Single by ASAP Rocky
- Released: August 28, 2019
- Length: 3:07
- Label: ASAP Forever; Polo Grounds; RCA;
- Songwriter(s): Rakim Mayers; Alexander Ridha; Hector Delgado; Mario Reddick;
- Producer(s): Boys Noize; Hector Delgado;

ASAP Rocky singles chronology
| "Live Fast" (2019) | "Babushka Boi" (2019) | "Twisted" (2019) |

Music video
- "Babushka Boi" on YouTube

= Babushka Boi =

2019 single by ASAP Rocky

"Babushka Boi" is a song by American rapper ASAP Rocky, released as a single through ASAP Rocky Recordings, Polo Grounds Music and RCA Records on August 28, 2019. The music video was released the same day.

==Background==
ASAP Rocky began wearing a babushka headscarf to cover the resulting cut on his face after he fell off his scooter in September 2018. This inspired Frank Ocean, who posted a picture on his Instagram of himself in a babushka, with ASAP Rocky commenting "Babushka Boi" on the image and later adding the phrase to his own Instagram.
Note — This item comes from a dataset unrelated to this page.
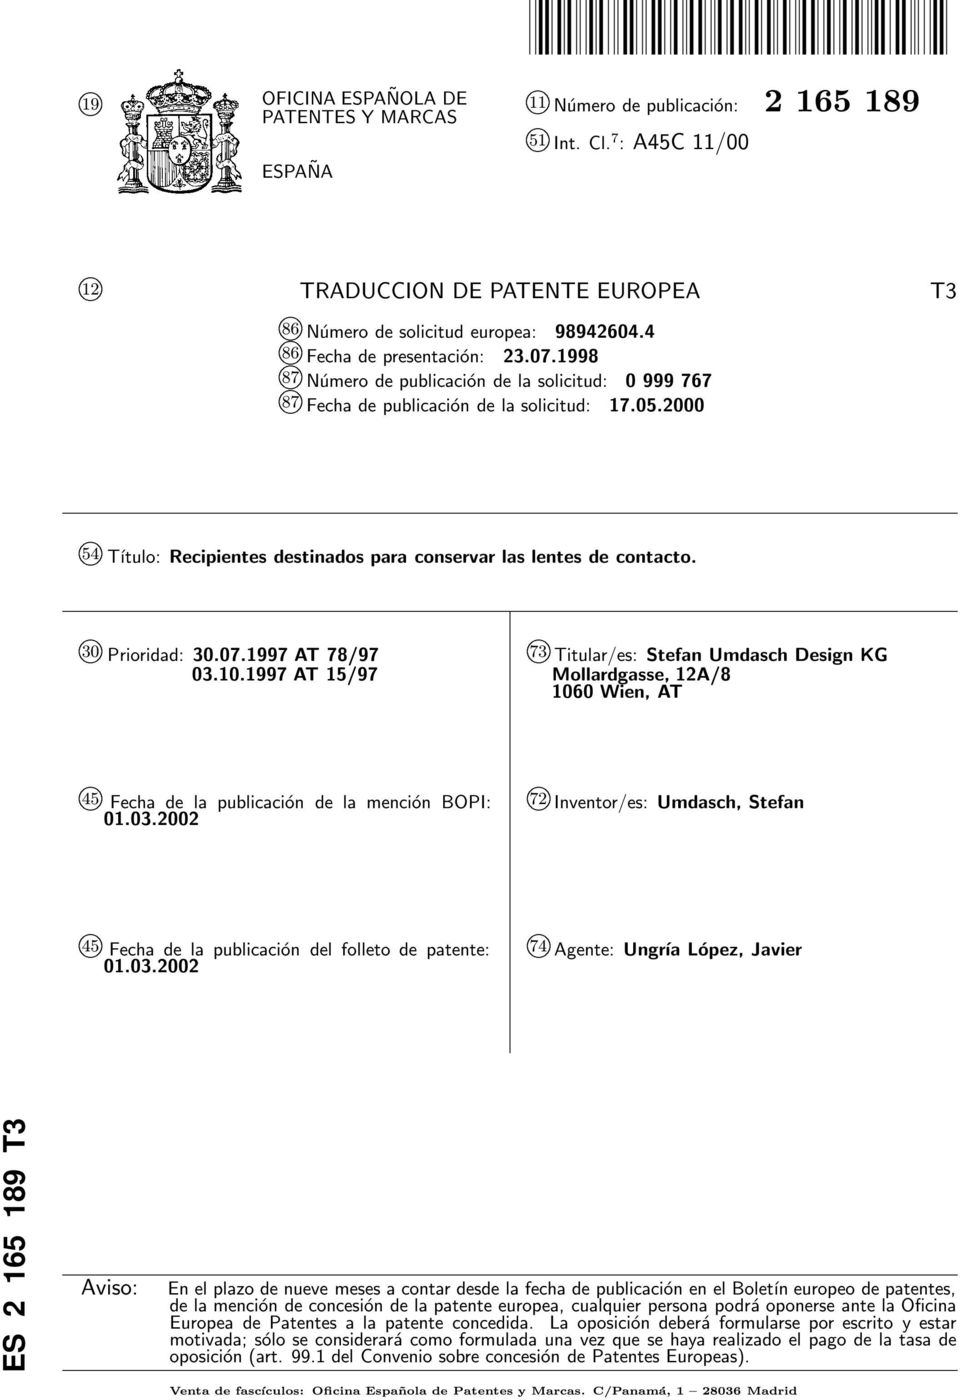 k Prioridad:.07.1997 AT 78/97 03..1997 AT 1/97 k 73 Titular/es: Stefan Umdasch Design KG Mollardgasse, 12A/8 Wien, AT k 4 Fecha de la publicación de la mención BOPI: 01.03.02 k 72 Inventor/es: Umdasch, Stefan k 4 Fecha de la publicación del folleto de patente: 01.

Rocky previewed the song at the 'Injured Generation Tour' in January 2019, and shared a trailer of its music video on August 26.

==Music video==
The Nadia Lee Cohen-directed music video was also released on August 28. It was inspired by Dick Tracy and features ASAP Rocky, ASAP Ferg, Schoolboy Q, ASAP Nast and Kamil Abbas as prosthetic-enhanced gangsters robbing a bank and on the run from police, who are portrayed as anthropomorphic pigs. The criminals get into a shootout with the police which "leaves ASAP and his crew with some fresh sausage meat."

It has been noted that it was filmed before ASAP Rocky's arrest and detainment in Sweden. The video was produced by Virgin Soil Pictures.

==Charts==
===Weekly charts===

| Chart (2019) | Peak position |
|---|---|
| Australia (ARIA) | 60 |
| Canada (Canadian Hot 100) | 48 |
| Latvia (LAIPA) | 12 |
| Lithuania (AGATA) | 21 |
| New Zealand (Recorded Music NZ) | 39 |
| Sweden Heatseeker (Sverigetopplistan) | 5 |
| Switzerland (Schweizer Hitparade) | 66 |
| UK Singles (OCC) | 89 |
| US Billboard Hot 100 | 69 |
| US Hot R&B/Hip-Hop Songs (Billboard) | 27 |
| US Rolling Stone Top 100 | 32 |

== Certifications ==

Certifications for "Babushka Boi"
| Region | Certification | Certified units/sales |
| Canada (Music Canada) | Gold | 40,000^{‡} |
| New Zealand (RMNZ) | Gold | 15,000^{‡} |
| Poland (ZPAV) | Gold | 25,000^{‡} |
| United States (RIAA) | Gold | 500,000^{‡} |
^{‡} Sales+streaming figures based on certification alone.